Cooperative Games Children Love

Question: What’s one way you’ve refashioned a competitive game to make it more cooperative and still fun?

A: In pinball, my dodgeball replacement, players throw or roll balls to knock down small plastic bowling pins. We use two teams and several balls per team. To start, the teams face each other, their players on either side of a midline and their own pins in a horizontal line behind them. Some players begin as throwers and some as pin guards, but players may change positions freely. On a musical cue, the players try, without crossing the midline, to knock down each other’s pins. Because the pins are low targets, very few players get hit with the balls. If a child is throwing dangerously, we stop the game and remind everyone about safety and the fact that the targets are the pins, not the people. Players get to reset one of their teams’ knocked-down pins by catching a ball thrown by the opposing team or throwing a ball through a basketball hoop. Players who throw a ball caught by a member of the other team go to a holding place but are freed by throwing a ball to or catching a ball from a teammate. With these and other strategies for resetting pins and keeping players in the game, “winning” is virtually impossible. Plus, playing is a lot more fun than winning, so if all the pins on either side do go down, we just stand them up and keep on going!

Gina Forberg teaches physical education to kindergartners through fifth graders at the King’s Highway School in Westport, Connecticut.

A: A cooperative version of Musical Chairs generated lots of fun and laughter for kindergartners through second graders. As in the traditional Musical Chairs, there’s one less chair than there are players. But when the music stops, the goal is to try to fit everyone into the available chairs—for example, by sharing, sitting on laps, or touching chairs instead of sitting in them. First, the students and I would brainstorm these possible ways. Then we’d model and practice everything, from using each strategy safely and respectfully to moving safely to the chair. With fifteen to twenty students, we could complete the game in ten to fifteen minutes. I used this version of Musical Chairs for indoor recess and also as an activity for Morning Meeting.

Lauri Bousquet taught intermediate and middle school students and worked as a reading specialist and professional development specialist. She currently teaches at LeMoyne College in Syracuse, New York, and is a Responsive Classroom consulting teacher.

A: In the competitive version of Pass the Chicken, a single player sits in the middle of a circle formed by all the other players and tries to answer a question before a beanbag chicken (or any small toy) makes its way around the circle. Knowing that being alone inside the circle might be scary for second graders, I restructured the game to put five children together in a small circle inside the larger one. As the game progresses, children take turns being in the inner circle. I start each round by posing a question that requires a list of answers, such as “Name ten vegetables,” and start the beanbag around the outer circle. The inner circle children take turns giving answers, with respectful help, if needed, from their inner circle teammates. We keep the game going until everyone has been part of the inside circle.
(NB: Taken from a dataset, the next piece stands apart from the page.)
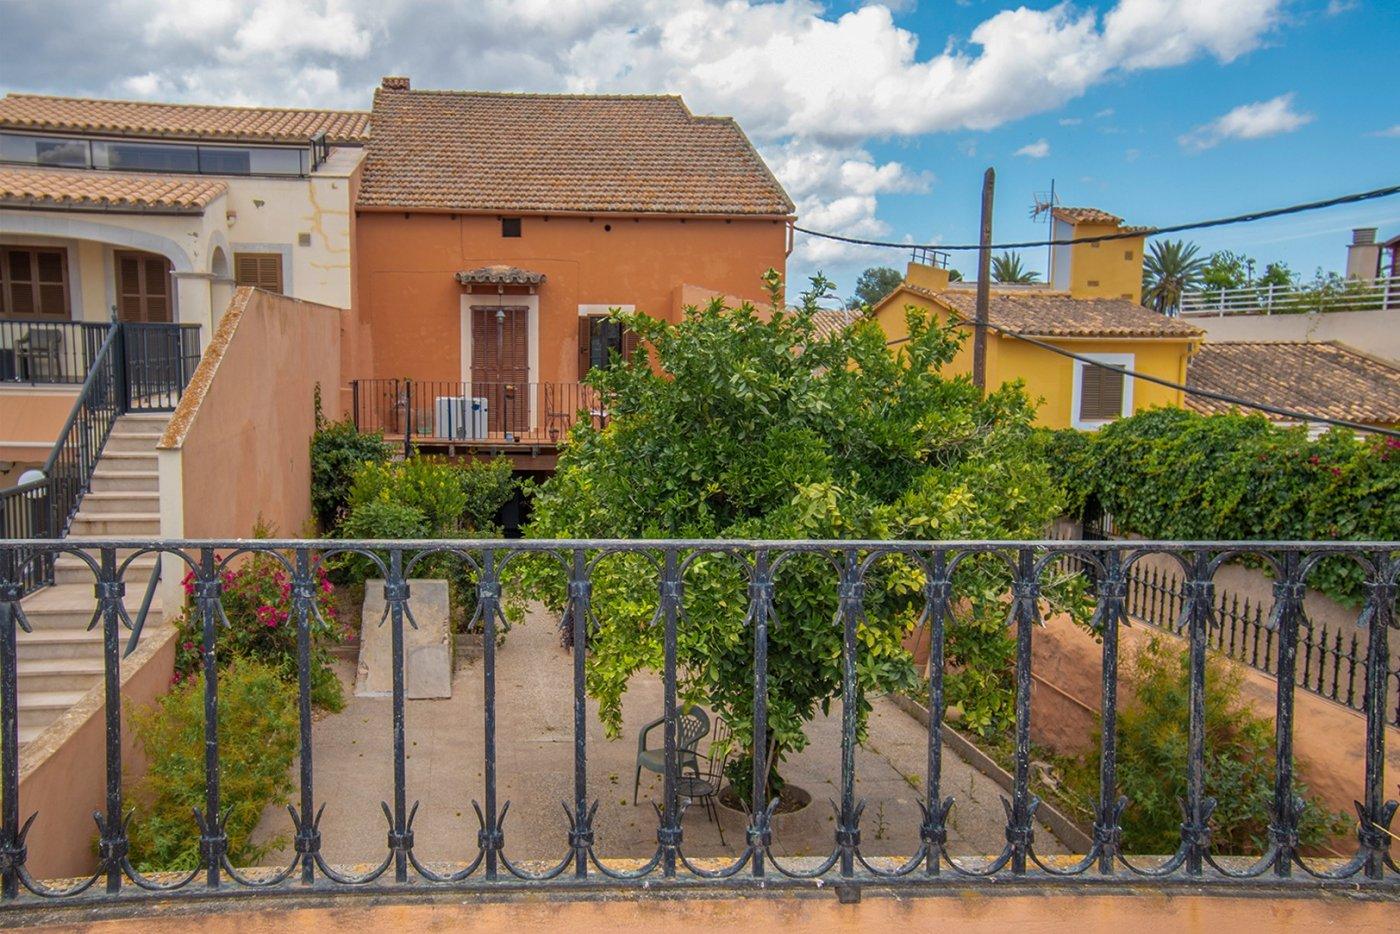 Casa unifamilair con garaje, jardÍn y terraza en la vileta. - imagenInmueble31

No one gets out, and the game moves so fast that the focus stays on the fun and on helping teammates find answers. Pass the Chicken is just plain fun, but it’s also great for practicing rote facts in all areas of the curriculum. In math, for example, the question might be “What are some multiples of five?” I’ve also used it to review social skills, such as the five ways to respond when I signal for quiet: eyes on the speaker, mouth quiet, body still, ears listening, hands free.

Patricia Lawrence teaches second graders at the Hunnewell School in Wellesley, Massachusetts. She is a Responsive Classroom consulting teacher.